In the audio signals derived from the surround processor 23, the audio 
signals FL and FR are fed directly to the main volume controllers 24a and 
24b for controlling the sound volume thereof, whereby the 
volume-controlled audio signals FL is fed to the power amplifier 29a 
through the output terminal 26a, connecting pin 27a and input terminal 
28a, and then the amplified audio signal FL is fed to the left front 
speaker through the output terminal 30a, while the volume-controlled audio 
signal FR is fed to the power amplifier 29b through the output terminal 
26b, connecting pin 27b and input terminal 28b, and then the amplified 
audio signal FR is fed to the right front speaker through the output 
terminal 30b. 
Further, the audio signals RL, RR and FC are fed to the volume controllers 
25a-25c, and then to the main volume controllers 24c-24e for controlling 
both the acoustic balance and sound volume.

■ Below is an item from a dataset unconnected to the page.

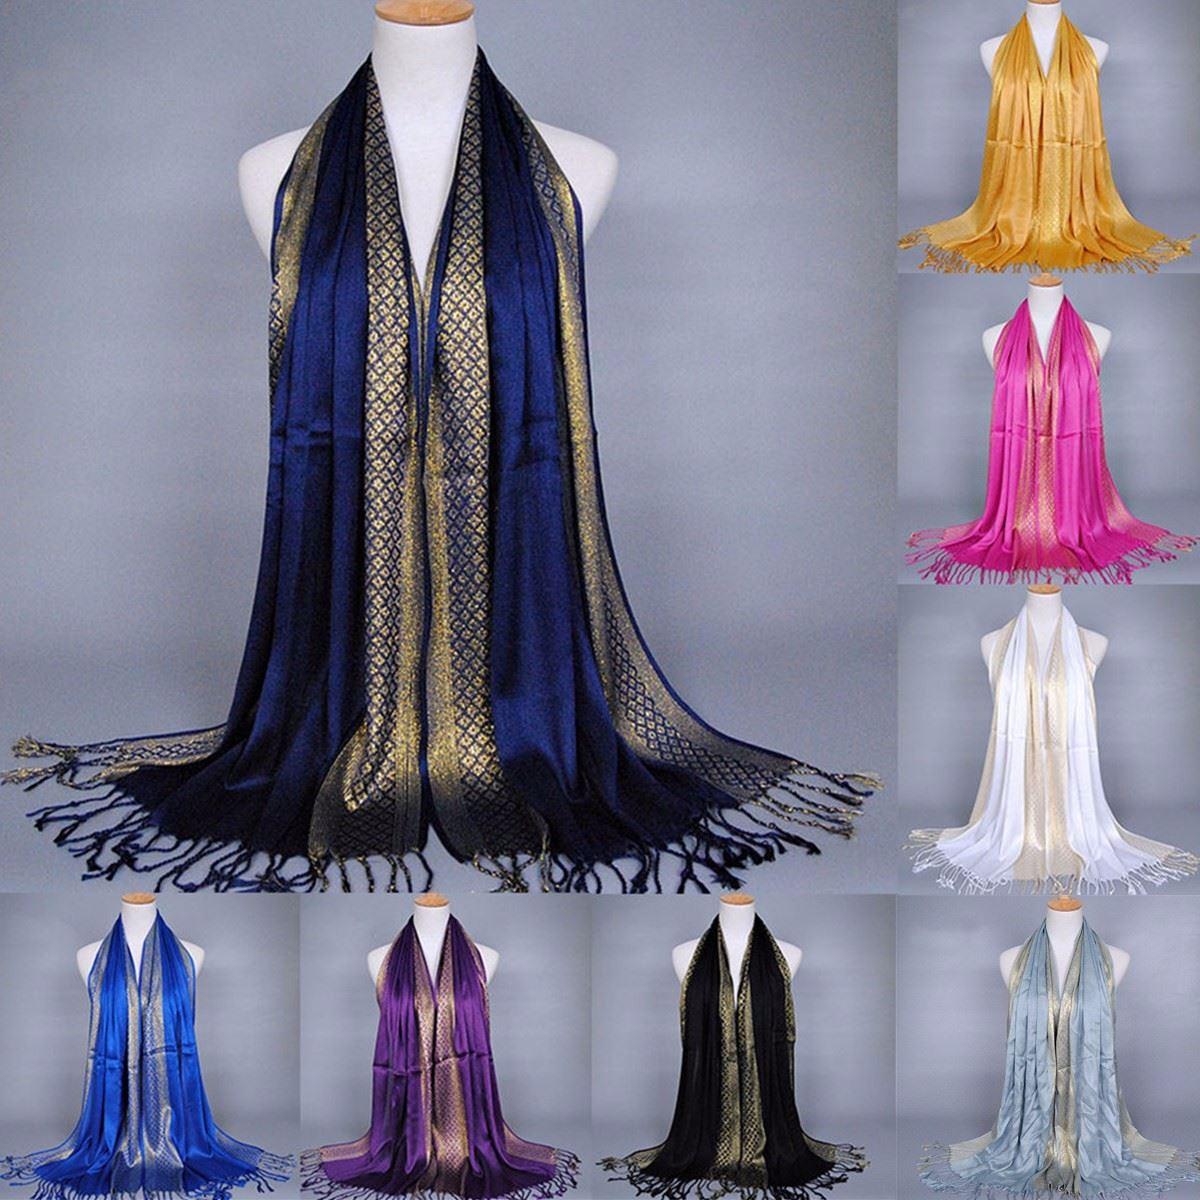 Women Tassel Pashmina Silk Scarf Lady Shade Stole Shawl Wraps Cotton Soft Muslim Hijab Scarves Plaid Long Retro Fringe Poncho

The volume controlled audio 
signals RL, RR and FC are in turn fed to the input terminals 17a-17c of 
the audio signal decoding unit 10 through the output terminals 26c-26e. 
In the audio signal decoding unit 10, since the movable terminals of the 
switching circuits 16a-16c are switched to the fixed terminals connected 
to the input terminals 17a-17c, the input audio signals RL, RR and FC 
received at the input terminals 17a-17c are fed to the output terminals 
18a-18c through the switching circuits 16a-16c, and then to the input 
terminals 28c-28e of the AV amplifier 20. The audio signals received at 
the input terminals 28c-28e are fed to the power amplifiers 29c-29e and 
the amplified audio signals are applied respectively on the right rear 
speaker, left rear speaker and center front speaker through the output 
terminals 30c-30e. 
As it has been described herein above, according to the present invention, 
the four-channel audio signals in accordance with the Hi-vision 3-1 sound 
system can be reproduced properly by providing the adjustment of the 
acoustic balance therebetween with use of the AV amplifier arranged for 
the Dolby surround system. 
It is to be understood by those skilled in the art that the foregoing 
description relates only to the preferred embodiment of the invention and 
that various changes and modifications may be made in the invention 
without departing from the spirit and scope thereof.